▸ **Information provided**:
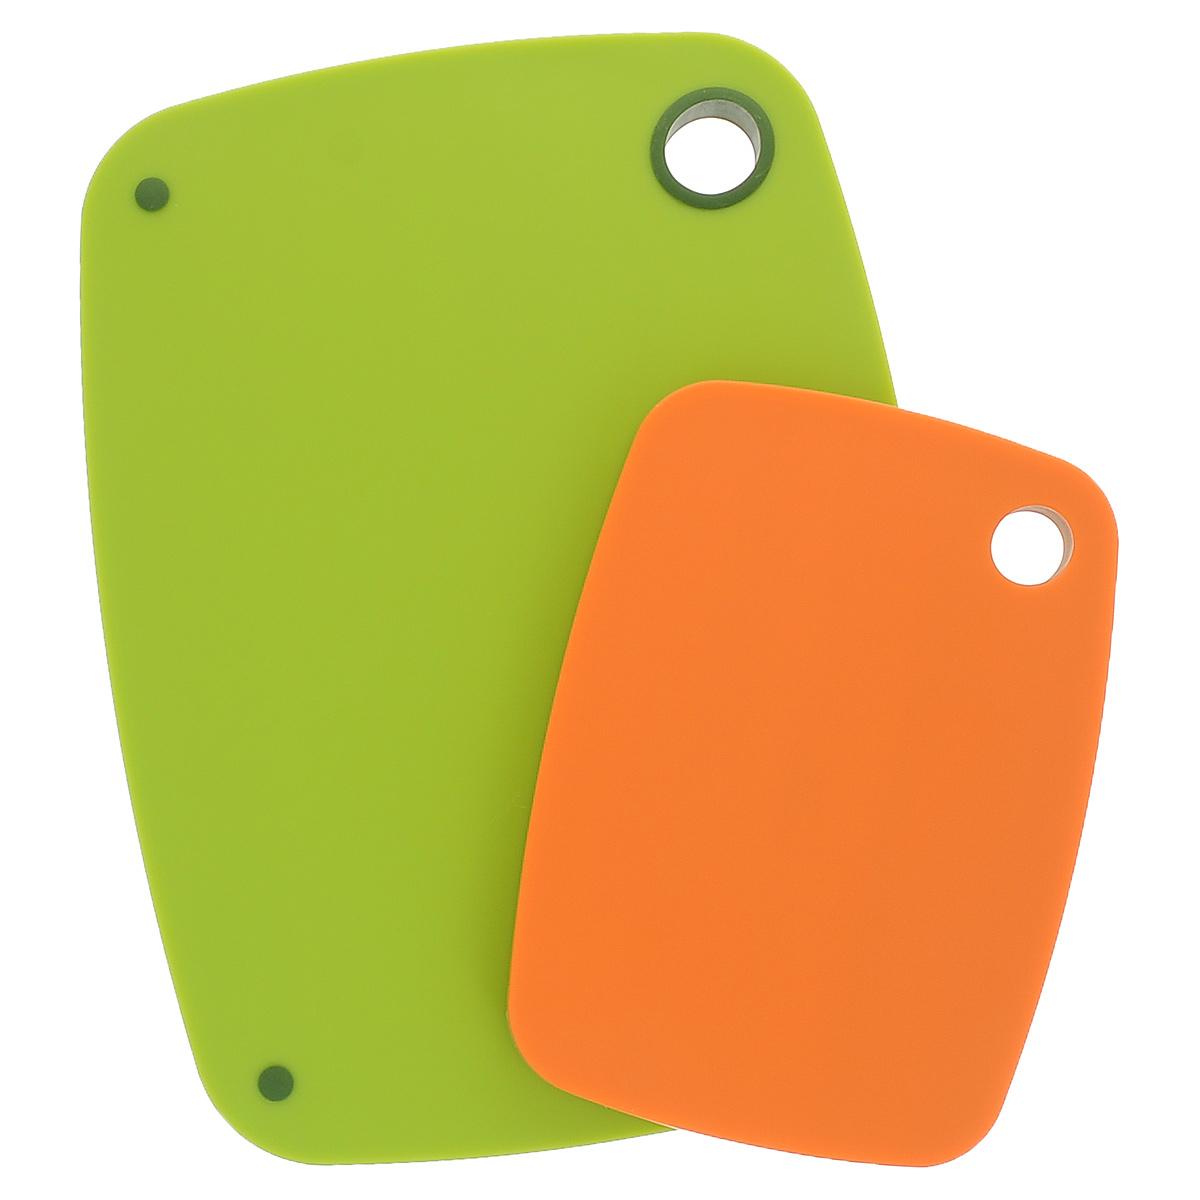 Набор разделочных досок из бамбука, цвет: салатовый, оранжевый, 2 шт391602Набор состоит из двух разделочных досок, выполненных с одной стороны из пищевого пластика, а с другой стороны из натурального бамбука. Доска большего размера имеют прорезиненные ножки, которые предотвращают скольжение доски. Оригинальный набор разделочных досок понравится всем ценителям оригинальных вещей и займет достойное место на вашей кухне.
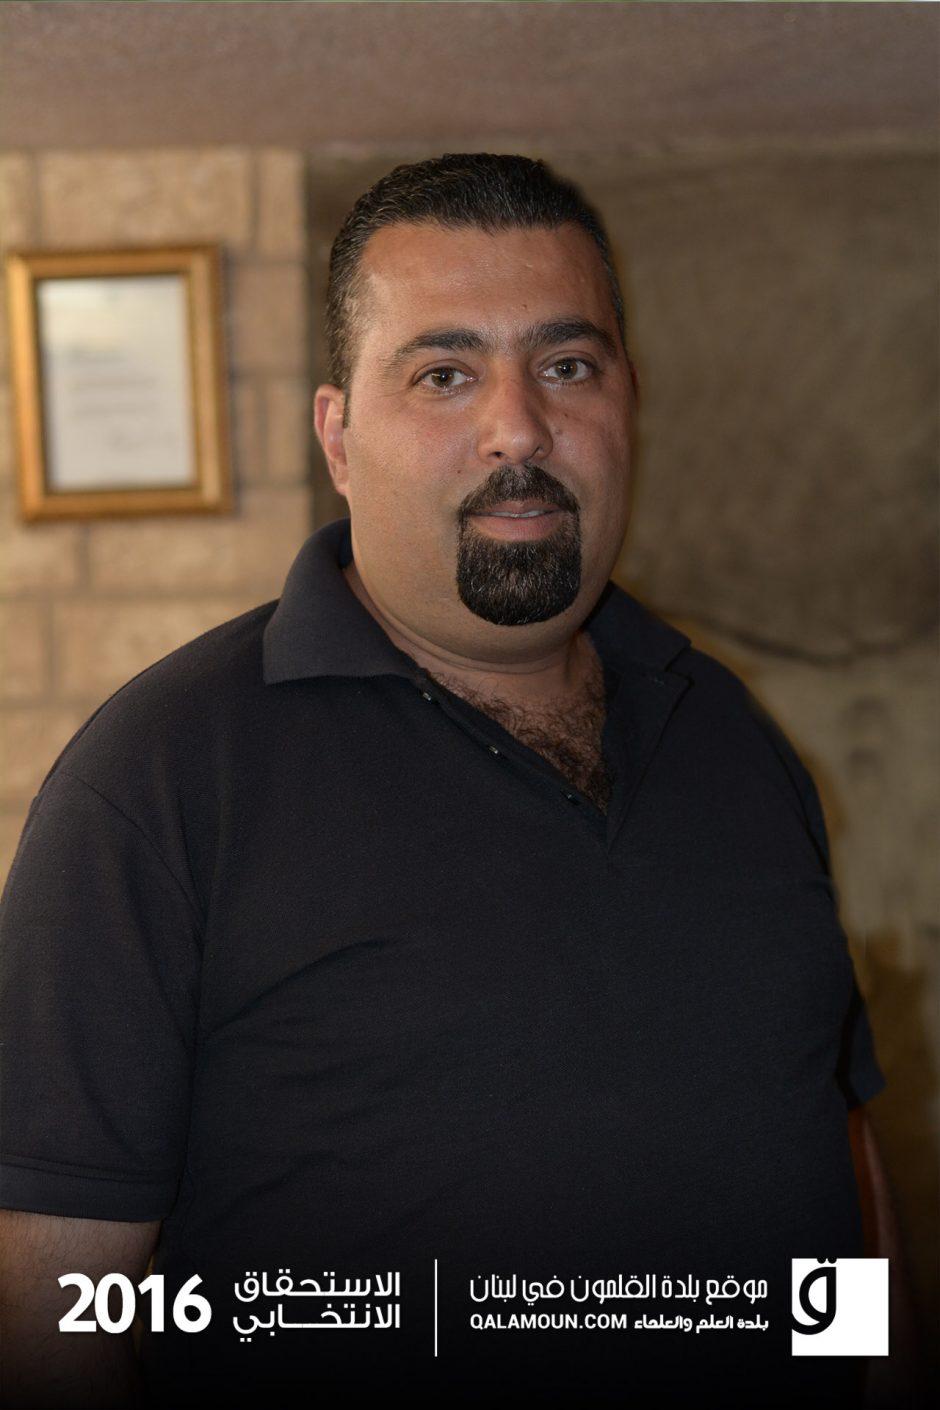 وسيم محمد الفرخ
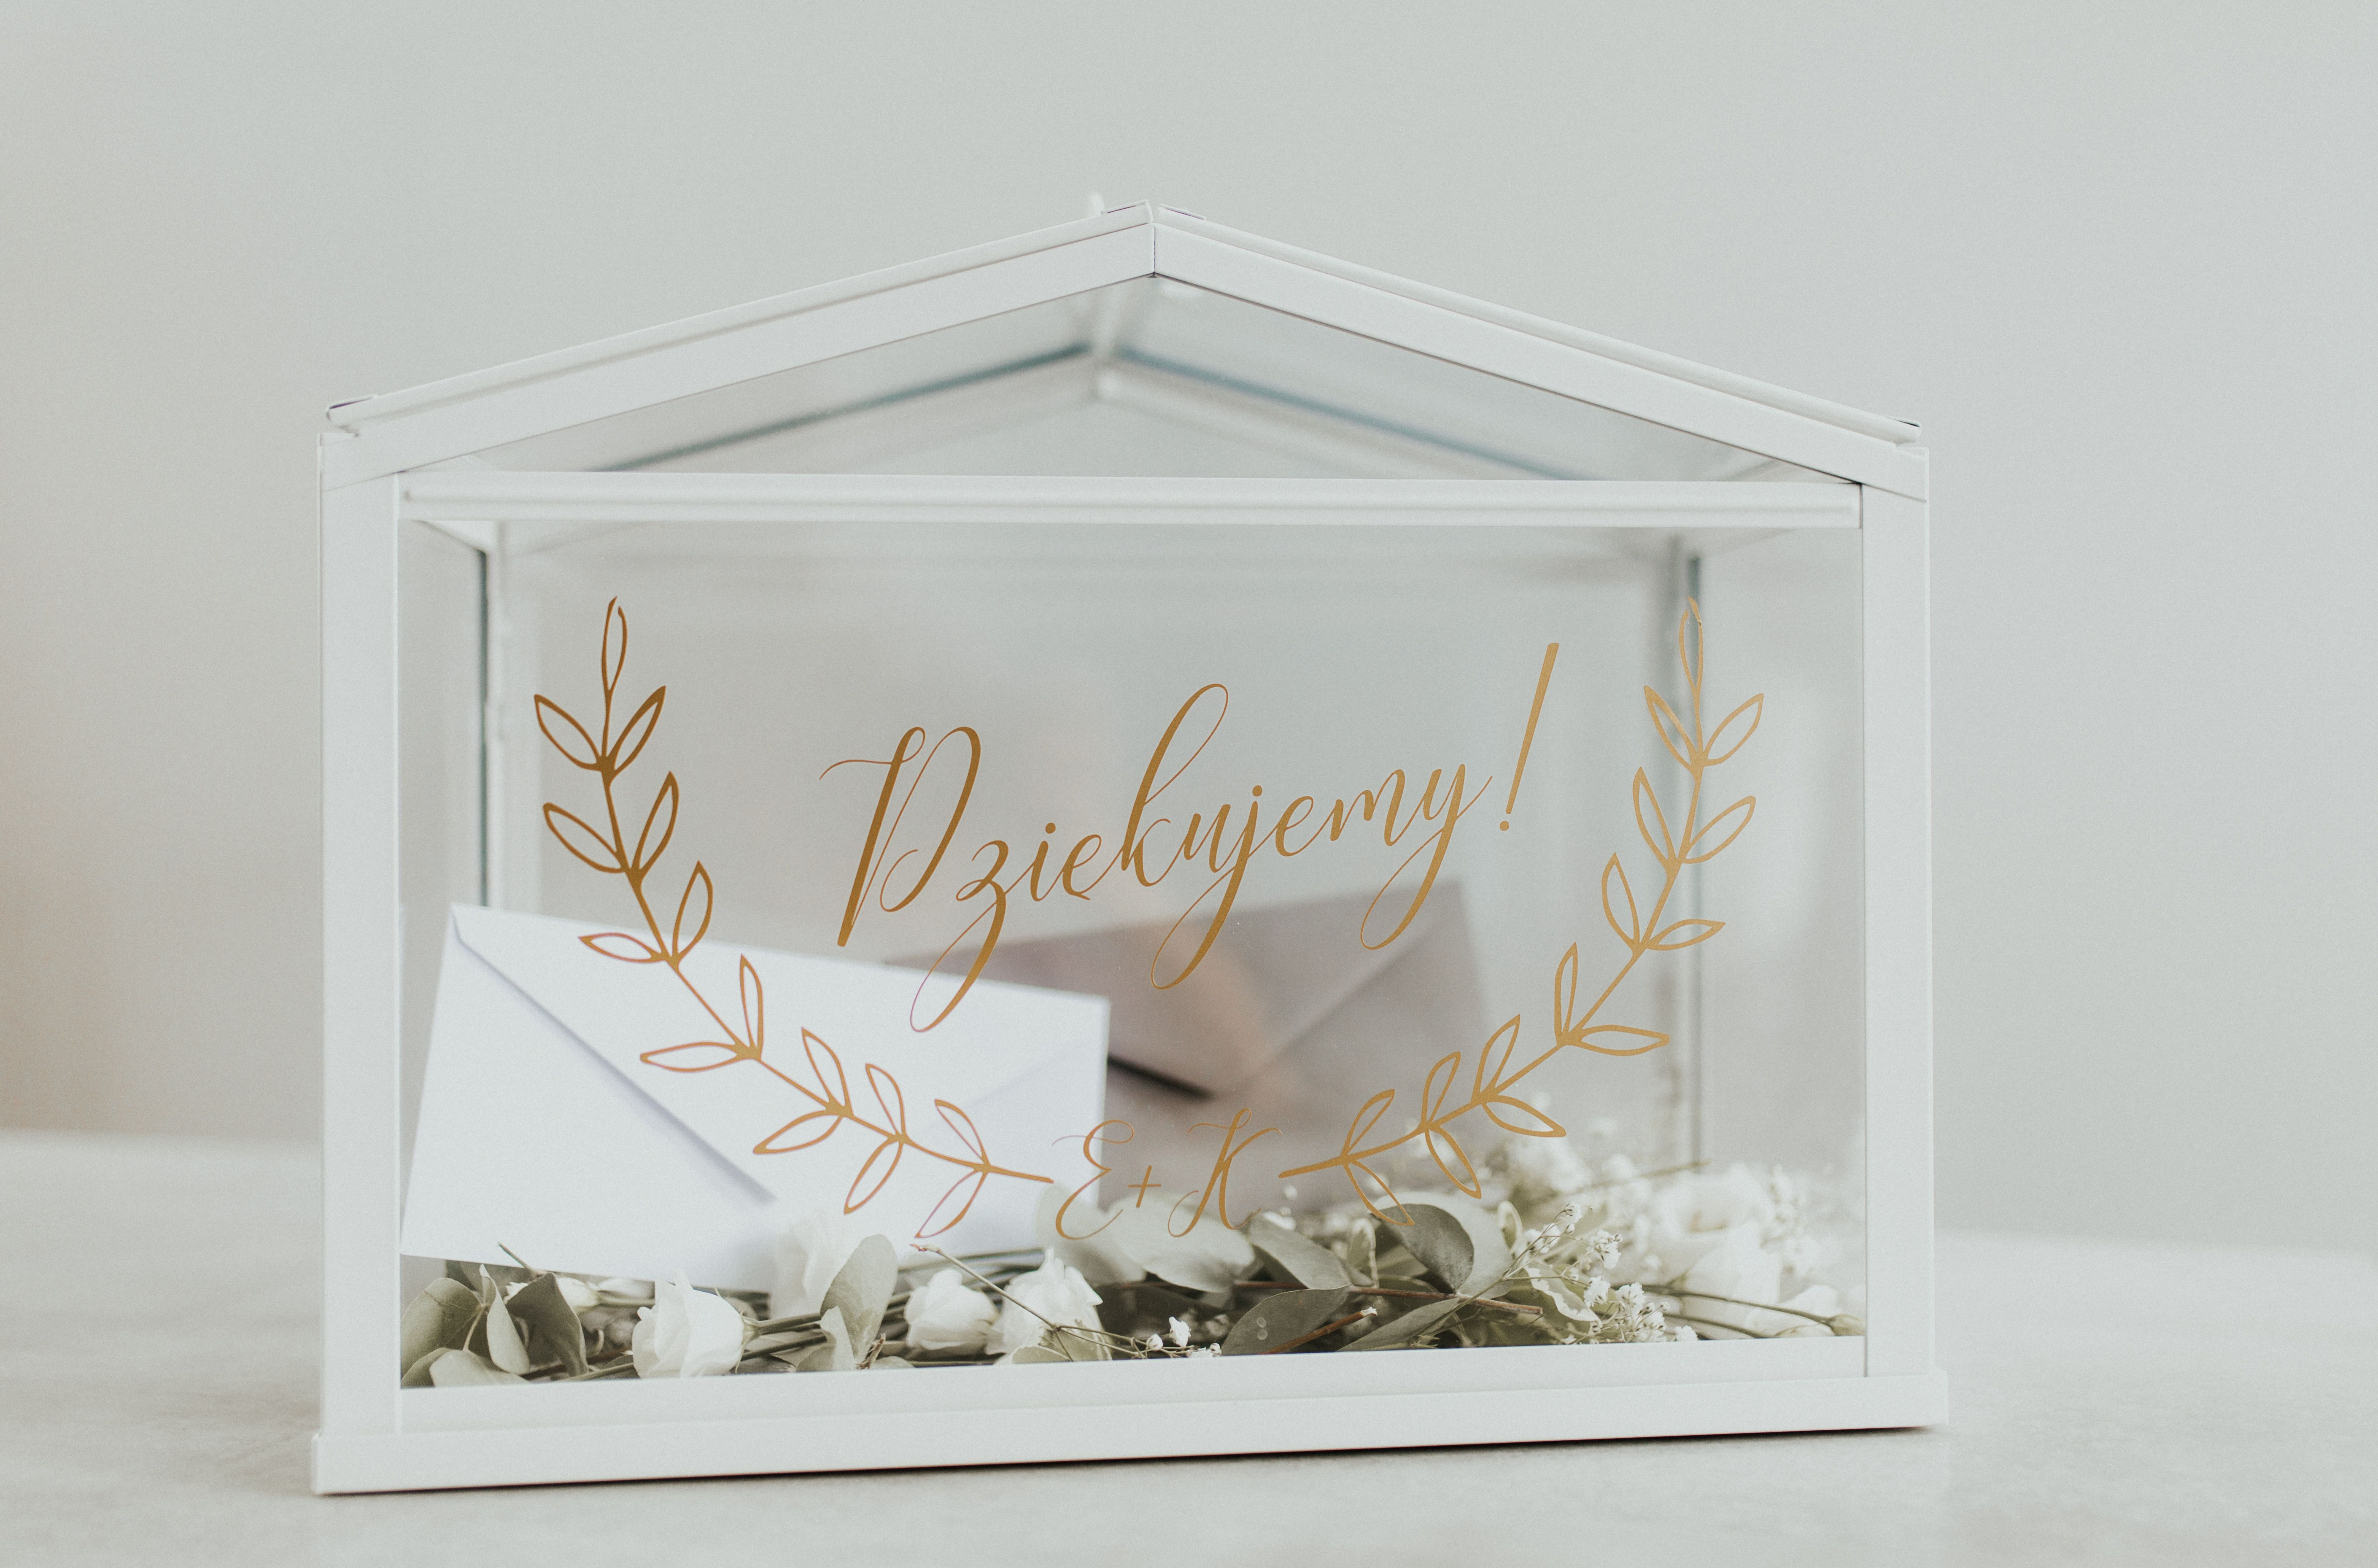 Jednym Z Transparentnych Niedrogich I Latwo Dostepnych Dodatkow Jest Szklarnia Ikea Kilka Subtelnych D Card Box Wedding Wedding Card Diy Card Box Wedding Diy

▸ **What is needed**:
Please copy the data shown above word for word, omitting the pictures.

▸ **Your solution**:
 Набор разделочных досок из бамбука, цвет: салатовый, оранжевый, 2 шт391602Набор состоит из двух разделочных досок, выполненных с одной стороны из пищевого пластика, а с другой стороны из натурального бамбука. Доска большего размера имеют прорезиненные ножки, которые предотвращают скольжение доски. Оригинальный набор разделочных досок понравится всем ценителям оригинальных вещей и займет достойное место на вашей кухне.
 وسيم محمد الفرخ
 Jednym Z Transparentnych Niedrogich I Latwo Dostepnych Dodatkow Jest Szklarnia Ikea Kilka Subtelnych D Card Box Wedding Wedding Card Diy Card Box Wedding Diy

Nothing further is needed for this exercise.